An Investigation Study on Mode Mixing Separation in Empirical Mode Decomposition

Mode mixing is a limitation of the empirical mode decomposition (EMD) method appropriate for physiological signal analysis. In 2008, boundary condition map presented by Rilling and Flandrin provided the efficiency of separating the two components of a two-tone signal as a function of their amplitude and frequency ratios. Until 2019, their findings were still applied. However, their maps only give an uncertainty-like efficiency of mode mixing separation for two-tone signals. In this paper, we propose a criterion for mode mixing separation in EMD, which provides a binary judgment on mode mixing separation instead of the above-mentioned efficiency. By comparing the slopes of the two components, we found that the phenomenon of mode mixing occurs as the extrema of the high-tone component are suppressed by the low-tone component. Under this condition, the criterion shows the relation among their amplitude ratio, frequency ratio, and relative phase between the two components.

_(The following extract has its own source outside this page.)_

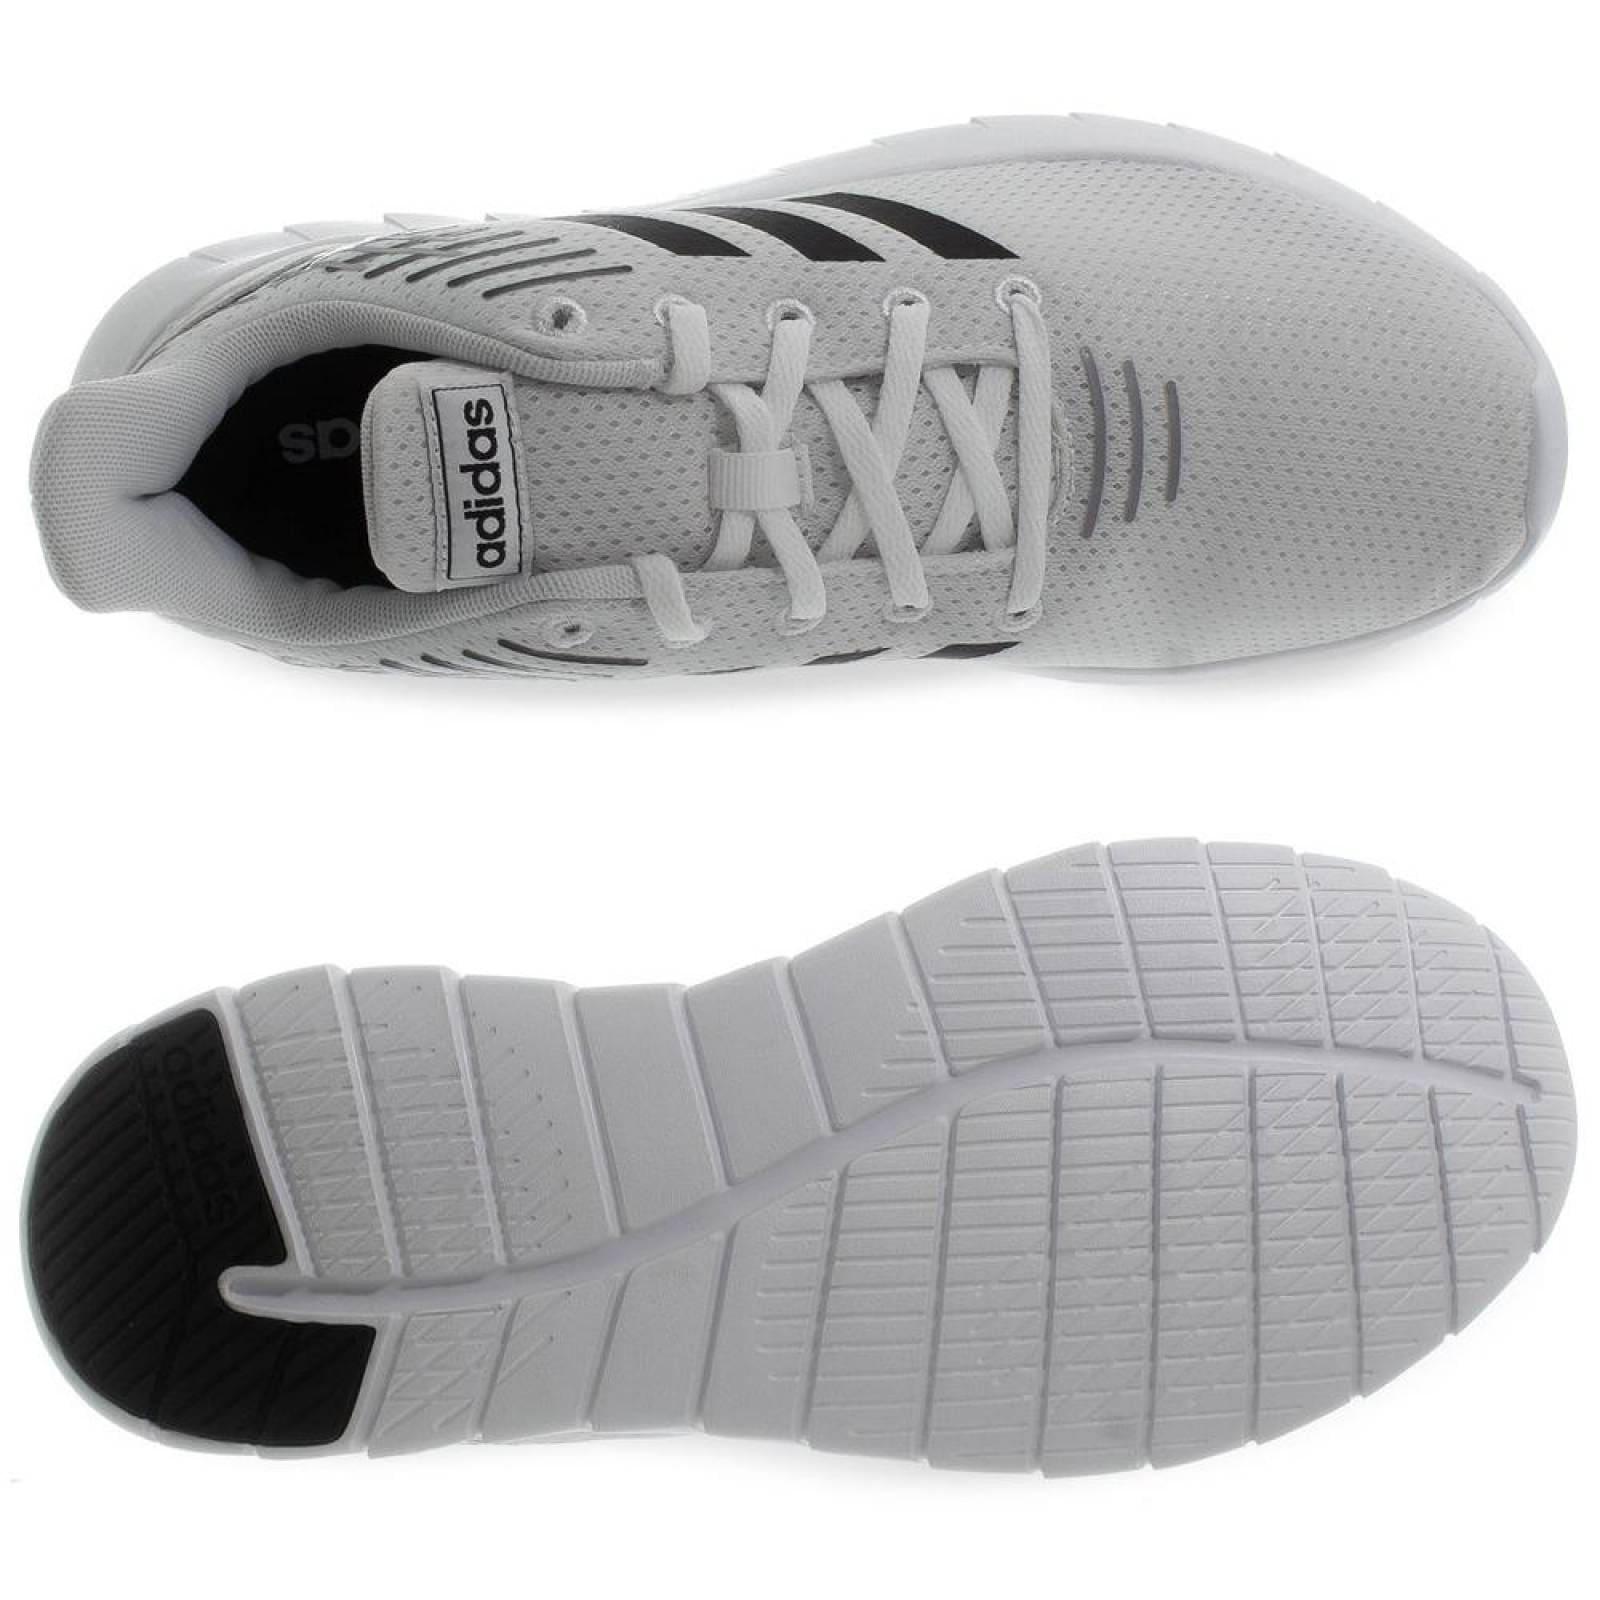 Tenis Adidas Asweerun F36332 Blanco Hombre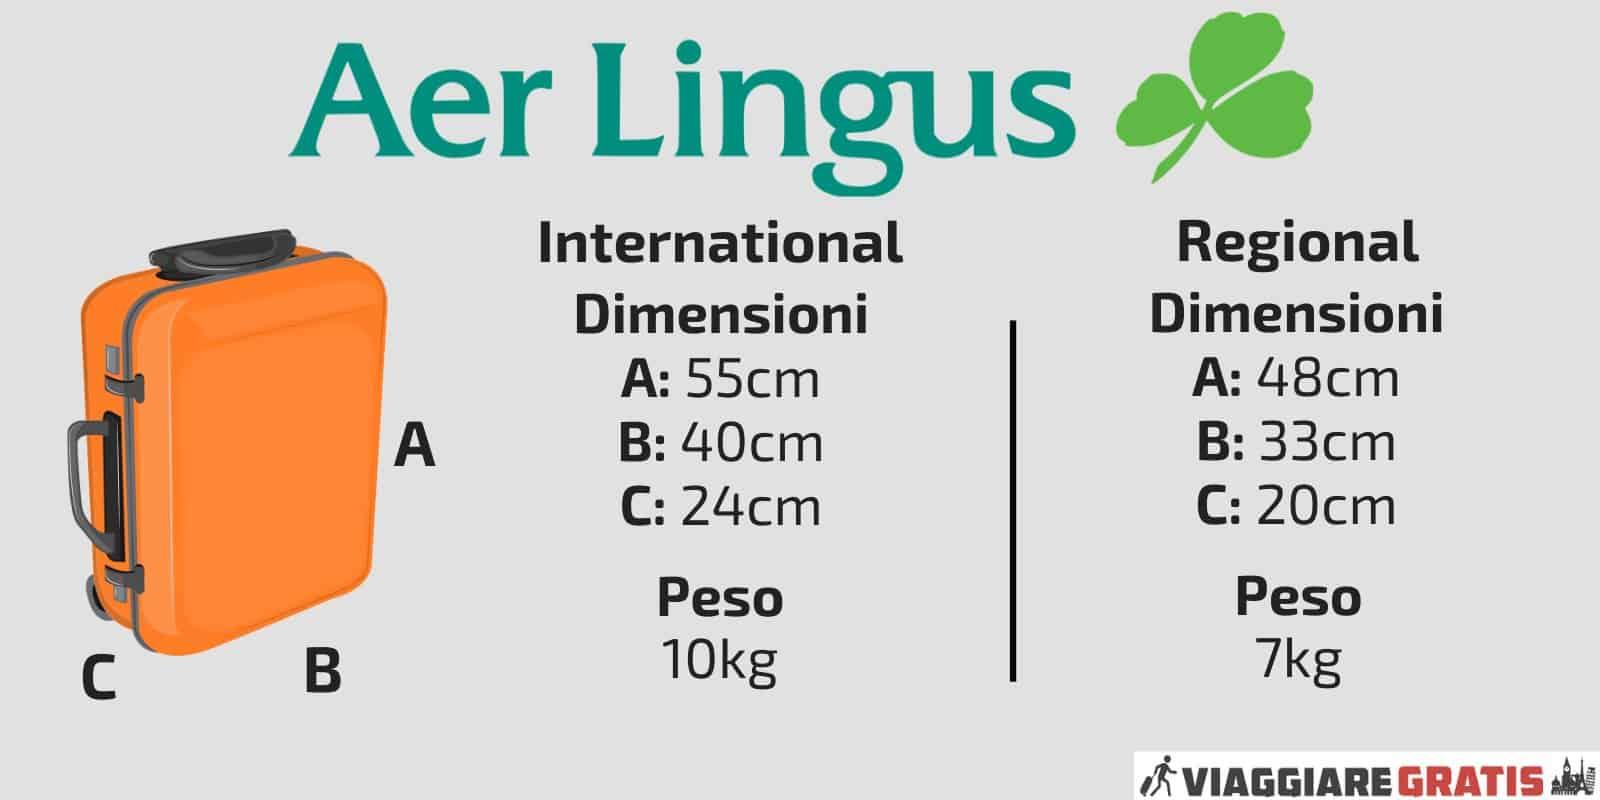 Bagaglio a Mano Aer Lingus

Given with the values of the three parameters, one can affirm whether the two components are mixed according to the criterion. Accordingly, we derive a black/white three-dimensional (3D) map that plots the binary result of mode mixing in black or white as a function of the three parameters. Our map agrees with Rilling’s map and the results obtained from our gait analysis. Among the 23 sets of center-of-mass trajectory signals, six sets encountered the mode mixing problem and their coordinates of the three parameters were found in the black region of the map, while the other 17 sets were in the white region.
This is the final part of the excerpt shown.